Когда снова обрел я некоторую способность к рассуждению, то предположил, что за время моего сна принесли сюда мертвое тело. Я был уверен, что прежде его не было.
«Наверно, это какой-то несчастный, которого удавили, и хотят упредить меня об уготованной участи», – сказал я себе с отчаянием, обратившим ужас мой в ожесточение, и, дабы окончательно удостовериться, в третий раз потянулся к ледяной руке. Но, повернувшись, обнаружил вдруг, что это всего лишь моя другая рука! Омертвившись под тяжестью моего тела, которое прижимало ее к твердому полу, потеряла она теплоту, чувствительность и способность к шевелению.

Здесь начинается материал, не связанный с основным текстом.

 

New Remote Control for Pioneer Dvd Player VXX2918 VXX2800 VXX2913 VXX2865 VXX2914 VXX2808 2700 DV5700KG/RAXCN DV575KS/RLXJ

Приключение сие, несмотря на некоторую комичность, отнюдь не развеселило меня. Напротив, в голову внедрились самые черные мысли. Я понял, что попал в такое место, где ложь выглядела истиной, а правда обманом, где алчущее воображение приносит разум в жертву или химерической надежде, или беспросветному отчаянию. Впервые в жизни, тридцати лет от роду, призвал я себе на помощь философию, все зачатки коей уже содержались в душе моей, но пользоваться которыми не имел я до сего времени надобности.
Полагаю, что большинство смертных до последнего своего часа так и не прибегают к помощи рассуждения, и сие проистекает отнюдь не вследствие недостаточности разума, а лишь из-за отсутствия какого-либо сверхобыкновенного потрясения, необходимого для возбуждения мыслительных способностей.